▶ Exercise description
Each record should be reproduced exactly.

▶ Record extracts
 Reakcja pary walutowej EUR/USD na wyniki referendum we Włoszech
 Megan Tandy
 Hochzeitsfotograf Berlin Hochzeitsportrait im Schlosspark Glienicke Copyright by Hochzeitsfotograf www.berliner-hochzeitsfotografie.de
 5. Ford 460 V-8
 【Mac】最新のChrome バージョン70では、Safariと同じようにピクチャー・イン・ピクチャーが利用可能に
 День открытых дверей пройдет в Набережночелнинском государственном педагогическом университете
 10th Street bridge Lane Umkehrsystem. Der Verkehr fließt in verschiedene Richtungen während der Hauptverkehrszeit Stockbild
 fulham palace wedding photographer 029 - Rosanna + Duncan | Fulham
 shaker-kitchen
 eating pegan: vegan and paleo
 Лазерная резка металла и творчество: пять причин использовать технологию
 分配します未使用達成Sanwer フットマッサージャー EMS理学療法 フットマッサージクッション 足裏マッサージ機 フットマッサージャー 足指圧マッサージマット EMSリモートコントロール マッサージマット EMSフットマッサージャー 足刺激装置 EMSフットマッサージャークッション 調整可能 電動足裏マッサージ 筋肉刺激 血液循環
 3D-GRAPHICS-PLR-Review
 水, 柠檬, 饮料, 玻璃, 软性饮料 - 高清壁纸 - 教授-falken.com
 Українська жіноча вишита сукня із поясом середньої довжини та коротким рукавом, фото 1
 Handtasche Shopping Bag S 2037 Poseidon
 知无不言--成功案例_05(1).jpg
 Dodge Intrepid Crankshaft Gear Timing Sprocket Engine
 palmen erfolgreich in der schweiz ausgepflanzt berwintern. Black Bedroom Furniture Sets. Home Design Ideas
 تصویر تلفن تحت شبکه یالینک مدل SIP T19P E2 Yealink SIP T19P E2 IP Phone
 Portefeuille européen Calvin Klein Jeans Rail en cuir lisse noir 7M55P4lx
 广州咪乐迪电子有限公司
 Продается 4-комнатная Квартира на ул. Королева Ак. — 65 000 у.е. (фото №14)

▶ Output below
 Reakcja pary walutowej EUR/USD na wyniki referendum we Włoszech
 Megan Tandy
 Hochzeitsfotograf Berlin Hochzeitsportrait im Schlosspark Glienicke Copyright by Hochzeitsfotograf www.berliner-hochzeitsfotografie.de
 5. Ford 460 V-8
 【Mac】最新のChrome バージョン70では、Safariと同じようにピクチャー・イン・ピクチャーが利用可能に
 День открытых дверей пройдет в Набережночелнинском государственном педагогическом университете
 10th Street bridge Lane Umkehrsystem. Der Verkehr fließt in verschiedene Richtungen während der Hauptverkehrszeit Stockbild
 fulham palace wedding photographer 029 - Rosanna + Duncan | Fulham
 shaker-kitchen
 eating pegan: vegan and paleo
 Лазерная резка металла и творчество: пять причин использовать технологию
 分配します未使用達成Sanwer フットマッサージャー EMS理学療法 フットマッサージクッション 足裏マッサージ機 フットマッサージャー 足指圧マッサージマット EMSリモートコントロール マッサージマット EMSフットマッサージャー 足刺激装置 EMSフットマッサージャークッション 調整可能 電動足裏マッサージ 筋肉刺激 血液循環
 3D-GRAPHICS-PLR-Review
 水, 柠檬, 饮料, 玻璃, 软性饮料 - 高清壁纸 - 教授-falken.com
 Українська жіноча вишита сукня із поясом середньої довжини та коротким рукавом, фото 1
 Handtasche Shopping Bag S 2037 Poseidon
 知无不言--成功案例_05(1).jpg
 Dodge Intrepid Crankshaft Gear Timing Sprocket Engine
 palmen erfolgreich in der schweiz ausgepflanzt berwintern. Black Bedroom Furniture Sets. Home Design Ideas
 تصویر تلفن تحت شبکه یالینک مدل SIP T19P E2 Yealink SIP T19P E2 IP Phone
 Portefeuille européen Calvin Klein Jeans Rail en cuir lisse noir 7M55P4lx
 广州咪乐迪电子有限公司
 Продается 4-комнатная Квартира на ул. Королева Ак. — 65 000 у.е. (фото №14)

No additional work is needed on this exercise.